Single by Otis Williams and the Charms
- B-side: "Who Knows"
- Released: September 1954
- Recorded: 1954
- Genre: R&B
- Length: 2:29
- Label: DeLuxe
- Songwriter(s): Eddie Ray, Rudy Jackson

Otis Williams and the Charms singles chronology
|  | "Hearts of Stone" (1954) | "Ling, Ting, Tong" (1955) |

= Hearts of Stone =

"Hearts of Stone" is an American R&B song. It was written by Eddie Ray and Rudy Jackson, members of the San Bernardino, California-based rhythm and blues vocal group the Jewels (no relation to the female group the Jewels from Washington, DC) which first recorded it for the R&B label in 1954. The Jewels began as a gospel group, then became the Marbles, recording for the Lucky label out of Los Angeles. According to Johnny Torrence, leader of the Marbles/Jewels, it was taken from a song they recorded in their gospel days.

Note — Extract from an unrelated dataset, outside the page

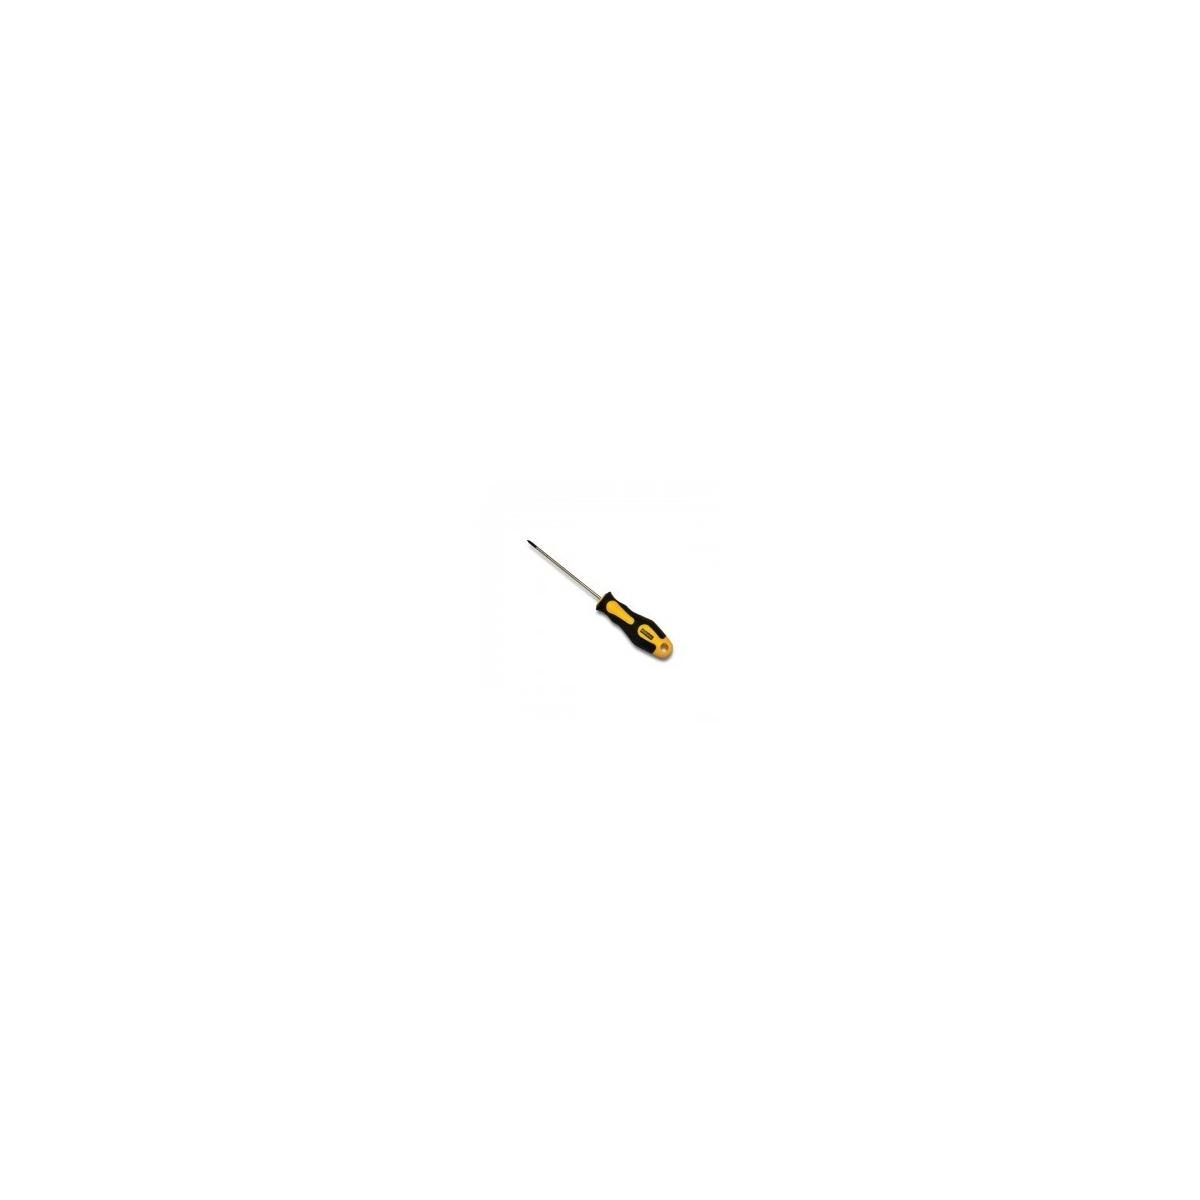 Wkrętak PZ0 x 75 mm COVAL - PPPZ-0/75 Wkrętak PZ0 x 75 mm COVAL - PPPZ-0/75

"Hearts of Stone" was covered and taken to the charts in 1954 by East Coast R&B vocal group the Charms, causing the story of the Jewels' involvement to be ignored by various writers and DJs who assume the Charms' cover was the original. The Charms' version of the song went to number one on the R&B Best Sellers and number fifteen on the pop charts.

==Other recordings==
"Hearts of Stone" has also been recorded by:
- Ruby Wright (credited as Ruby Wells) on RCA Victor in 1954. This was the first recording of the song by a white performer and retained the original "I thought your daddy knew" lyric which was changed to "I thought you knew" in most cover versions.
- The Fontane Sisters on Dot Records in 1954. This version, arranged by Billy Vaughn, reached #1 on the Billboard in early 1955 and was the group's highest charting hit.
- The Chordettes on a 1955 Cadence Records EP, 8 Top Hits, largely duplicating the arrangement from the Fontane Sisters' recording.
- Connie Francis on a 1958 MGM Records single. This version generally followed the Fontane Sisters' recording but was slightly faster and featured an electric guitar outro.
- John Fogerty and The Blue Ridge Rangers in 1973, which reached number 37 on the Billboard Hot 100, and number 35 in Canada.